In 1992, Corpus Christi Mayor Mary Rhodes envisioned an additional water source for the Coastal Bend when she led an initiative to secure Colorado River water rights from the Garwood Irrigation Company. Coastal Bend residents, businesses and industries were on a fast track to running out of water as Lake Corpus Christi and Choke Canyon Reservoir levels slipped to 25% capacity during a historical drought in the mid-1990s. The drought encouraged City officials to quickly design and build a pipeline to deliver water from Lake Texana.

In 1998, the Port of Corpus Christi and the City of Corpus Christi finished a 101-mile pipeline and two pump stations that transfer water from Lake Texana to the O.N. Stevens Water Treatment Plant with a total cost at nearly $116 million. Mary Rhodes died of cancer in 1997 and the pipeline was named in her memory.

MARY RHODES PIPELINE PHASE II 

In 1999, Corpus Christi finalized the purchase of a portion of Garwood’s water rights, after receiving approval of the Texas Natural Resource Conservation Commission the following year.
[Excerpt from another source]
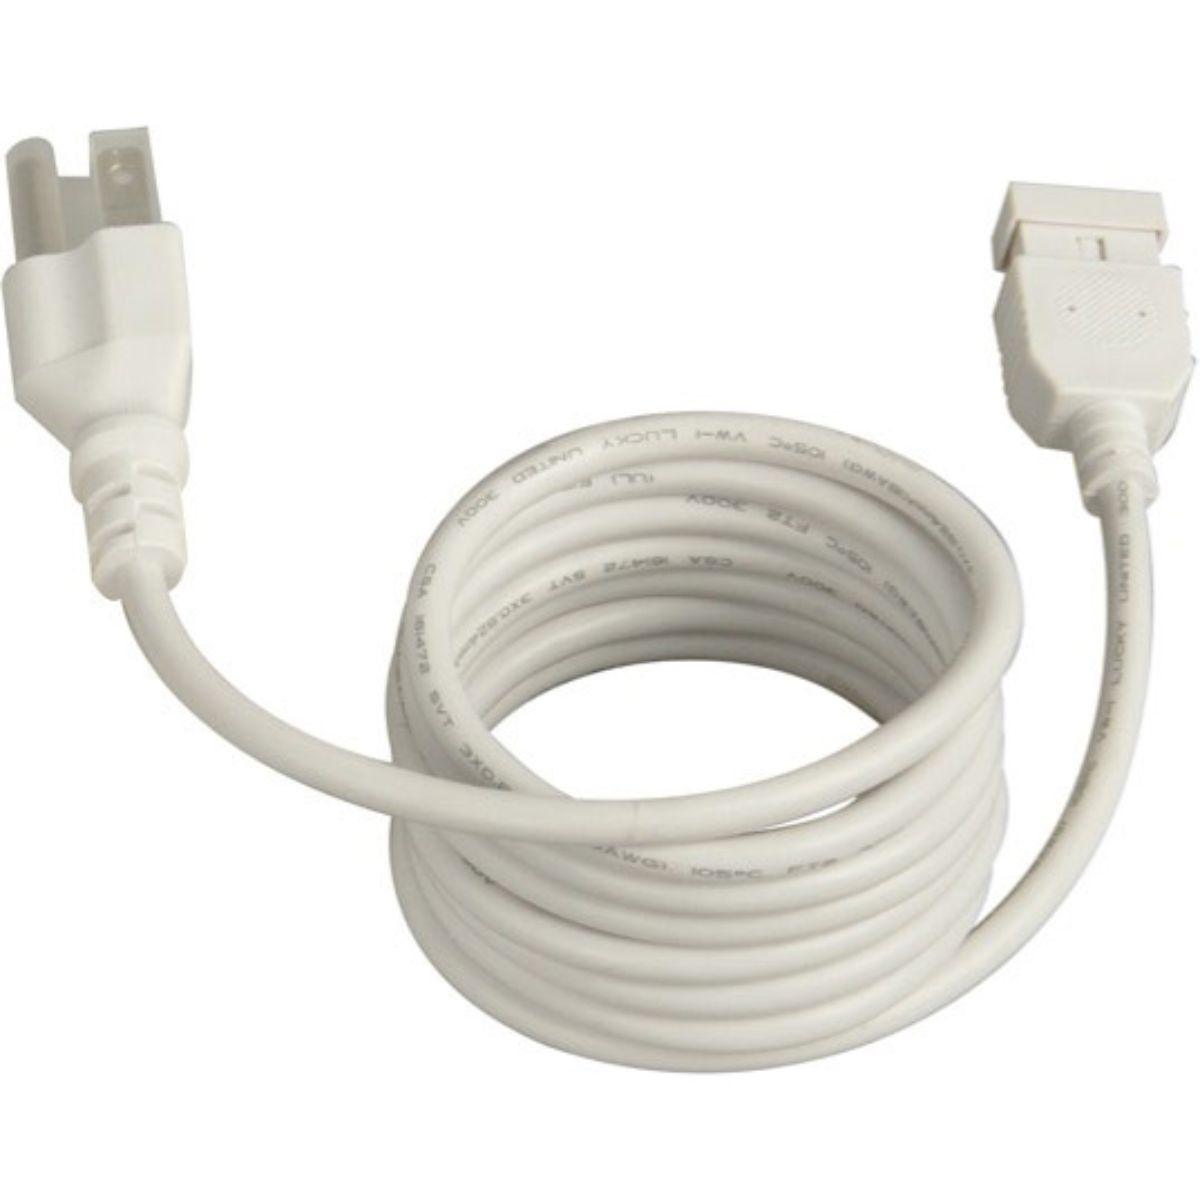 CounterMax 72in. Power Cord, White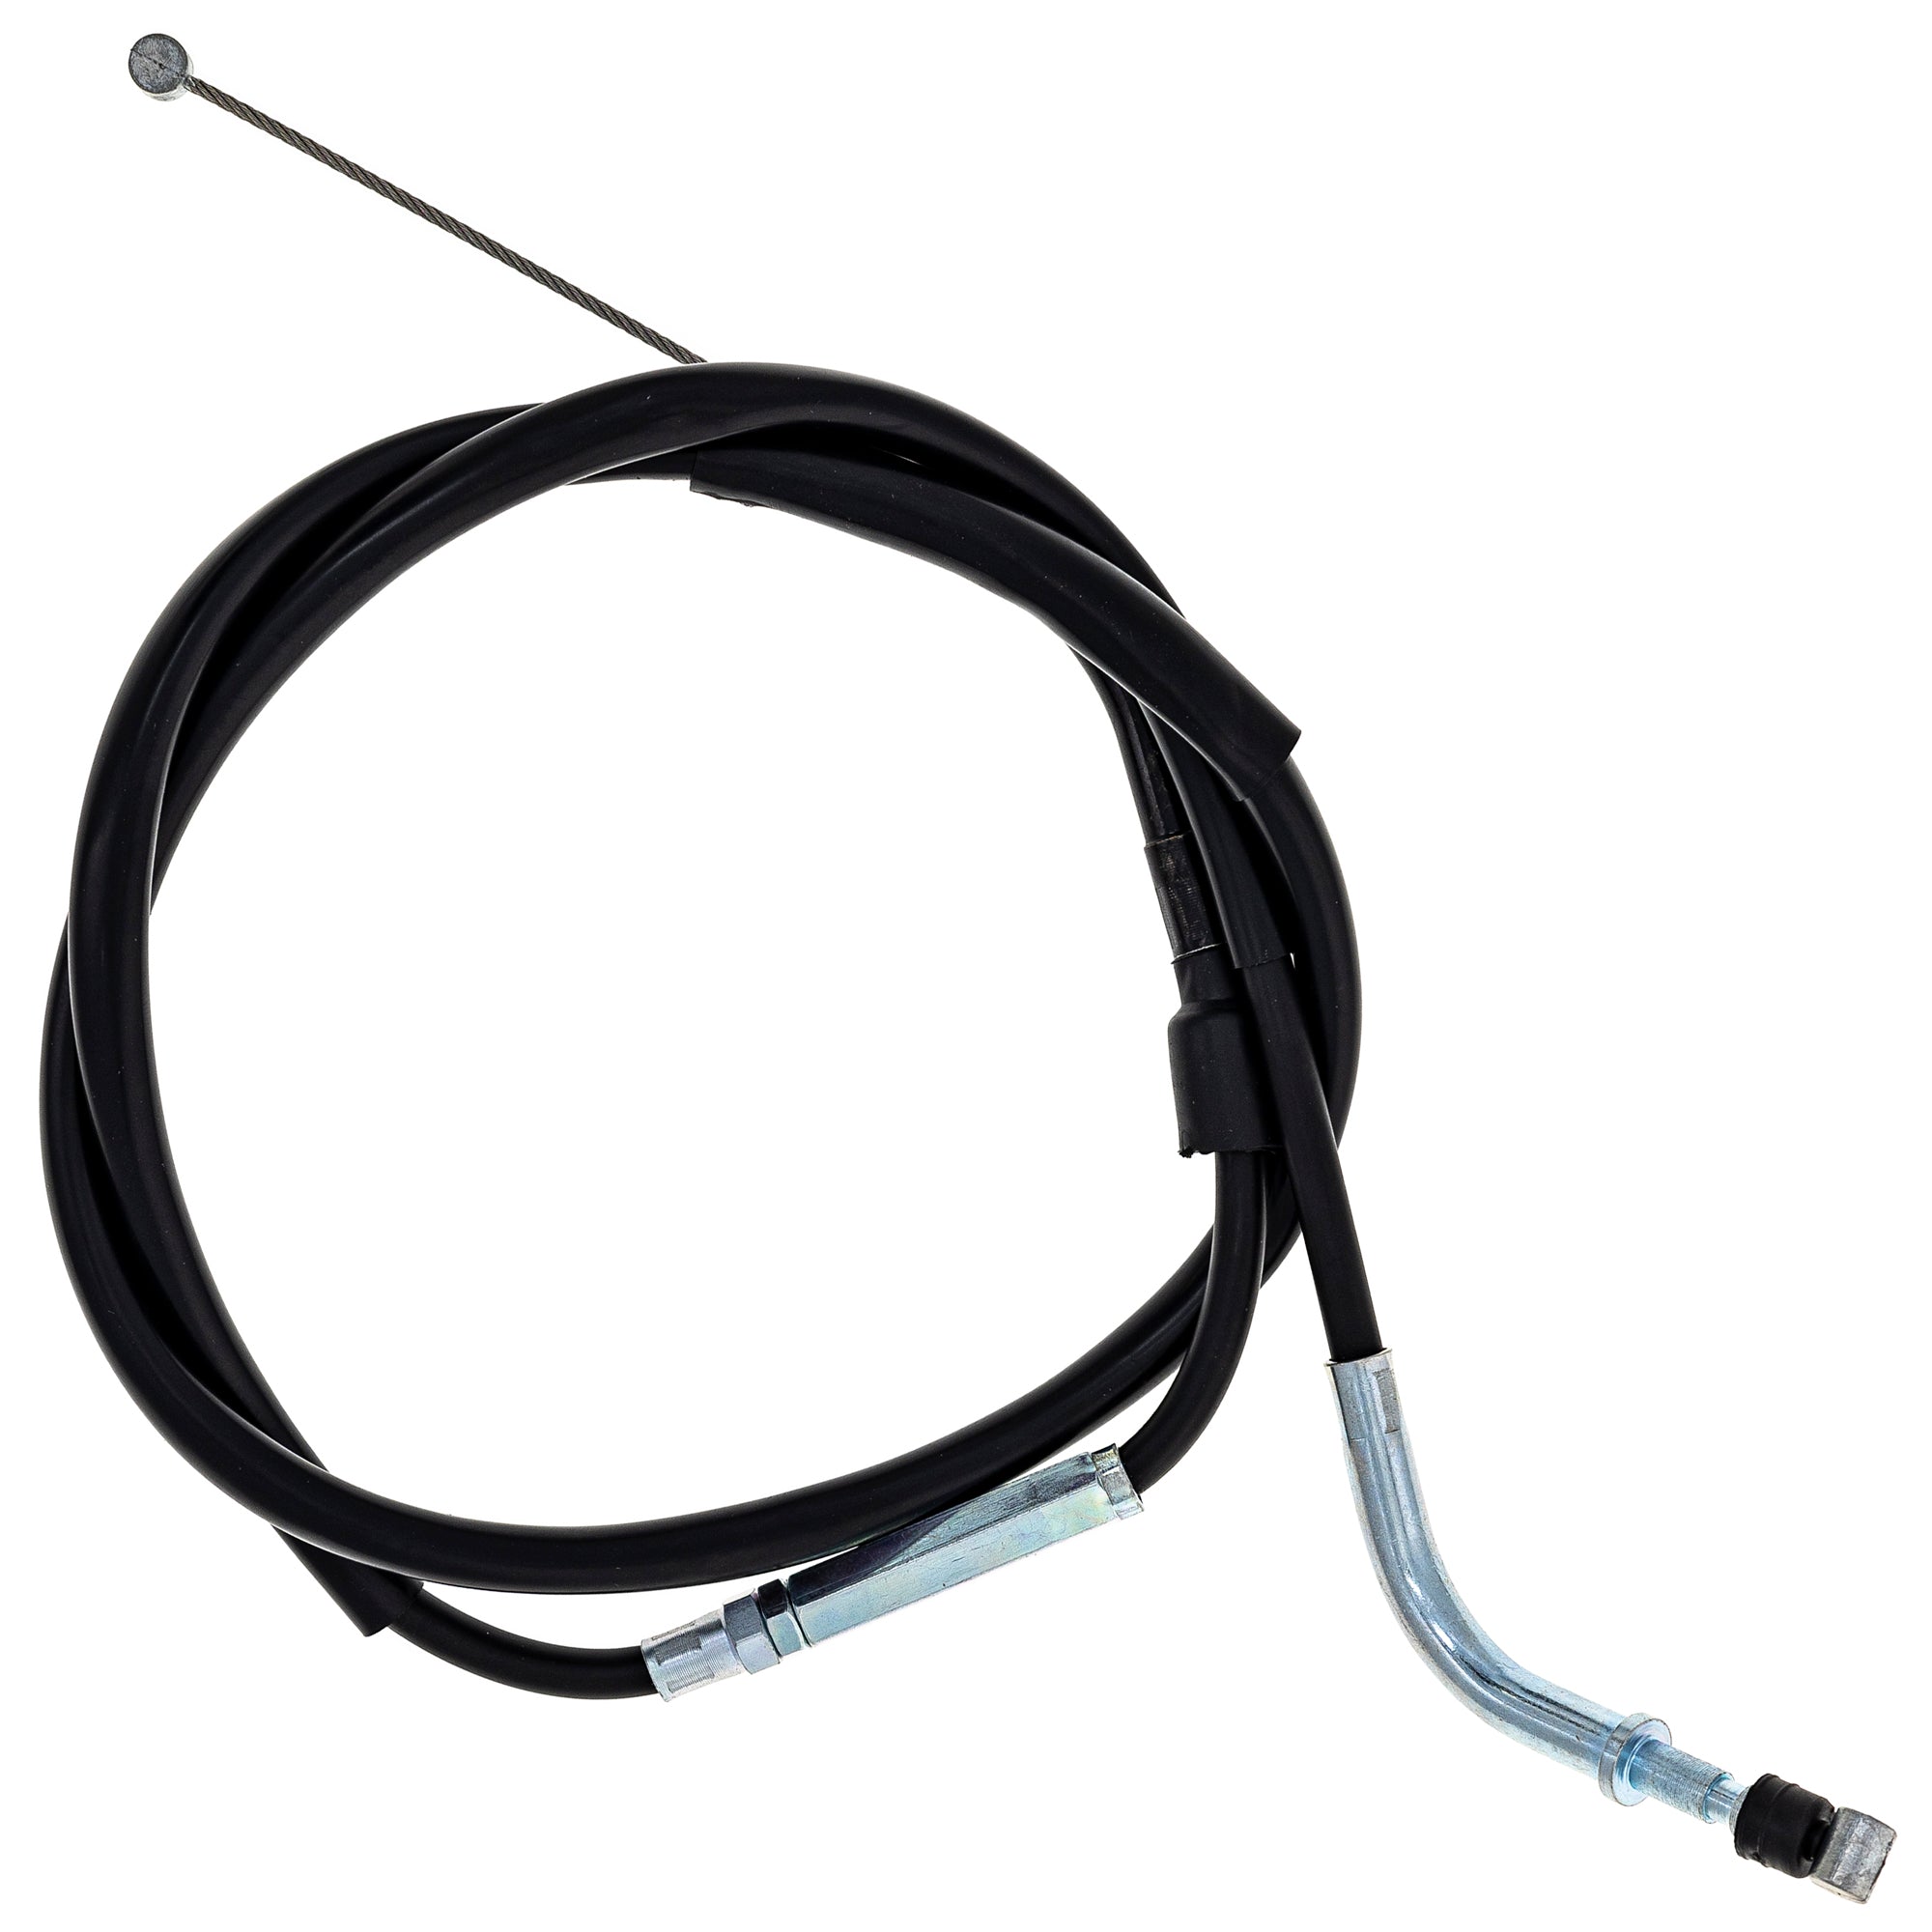 Clutch Cable for zOTHER Arctic Cat Textron Quadsport KFX400 Cat NICHE 519-CCB2343L

Garwood also sold its remaining water right and related assets to the Lower Colorado River Authority in 1999. With the purchase of the 35,000 acre-feet water right, Corpus Christi was authorized to pump water from the Colorado River at a rate of 298 acre-feet per day.

In 2010, Corpus Christi began the initial steps of planning and designing Mary Rhodes Pipeline Phase II and construction of the 42-mile pipeline started in April 2014. The project consisted of a pipeline, two pump stations and a sedimentation basin that start at the Colorado River near Bay City and connect to Phase I of the pipeline at Lake Texana. The $154 million pipeline project was completed in September 2016.